I'm trying to create a clean function in R to return TRUE/FALSE if a vector of POSIXlt times are in morning rush hour, i.e. 7.30am to 9.30am Monday to Friday. This is what I've done so far, but it seems a bit long and convoluted. Is it possible to improve on this while keeping the code itself readable?

library(lubridate)

morning.rush.hour <- function(tm) {
  # between 7.30am and 9.30am Monday to Friday
  # vectorised...
  # HARDCODED times here!
  tm.mrh.start <- update(tm, hour=7, minute=30, second=0)
  tm.mrh.end <- update(tm, hour=9, minute=30, second=0)
  mrh <- new_interval(tm.mrh.start, tm.mrh.end)
  # HARDCODED weekdays here!
  ((tm$wday %in% 1:5) & # a weekday?
         (tm %within% mrh))
}
# for test purposes...
# nb I'm forcing UTC to avoid the error message "Error in as.POSIXlt.POSIXct(x, tz) : invalid 'tz' value"
#   - bonus points for solving this too :-)
tm <- with_tz(as.POSIXlt(as.POSIXlt('2012-07-15 00:00:01', tz='UTC') + (0:135)*3000), 'UTC')
data.frame(tm, day=wday(tm, label=TRUE, abbr=FALSE), morning.rush.hour(tm))
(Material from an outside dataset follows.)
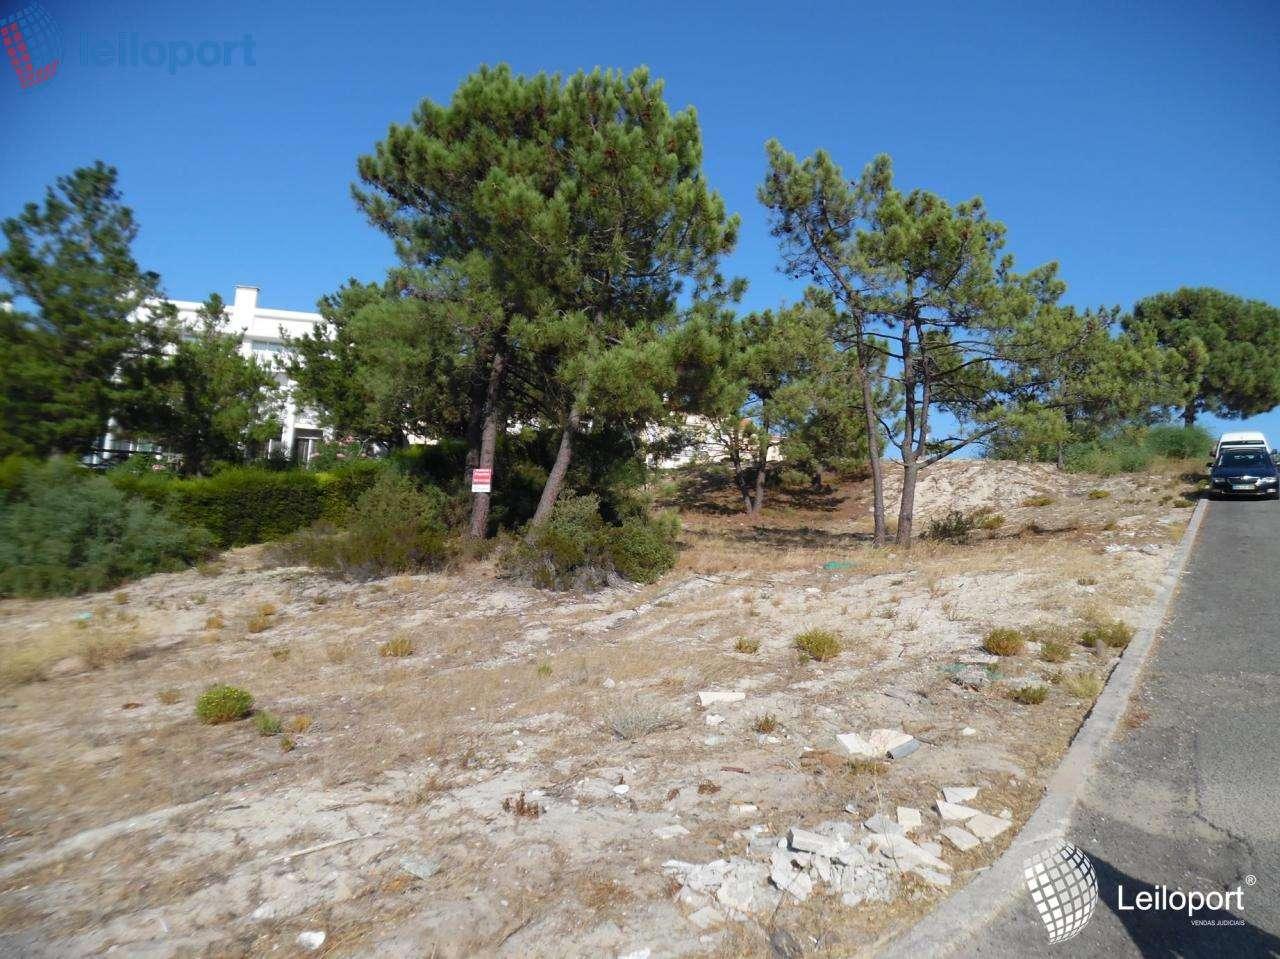 Terreno para comprar, Carvalhal, Setúbal - Foto 3

Even better if there is a clean function definition for weekday time ranges like this, as I also have evening rush hour, and daytime which is not rush hour and finally not any of these!

Answer 1

I would do something way simpler than that using difftime and cut. You can do the following (using base functions):

morning.rush.hour<-function(tm){
    difftime(tm, cut(tm, breaks="days"), units="hours") -> dt  #This is to transform the time of day into a numeric (7:30 and 9:30 being respectively 7.5 and 9.5)
    (tm$wday %in% 1:5) & (dt <= 9.5) & (dt >= 7.5)  #So: Is it a weekday, it is before 9:30 and is it after 7:30?
    }

Edit: You can also add a time-zone parameter to difftime if needed:

difftime(tm, cut(tm, breaks="days"), units="hours", tz="UTC")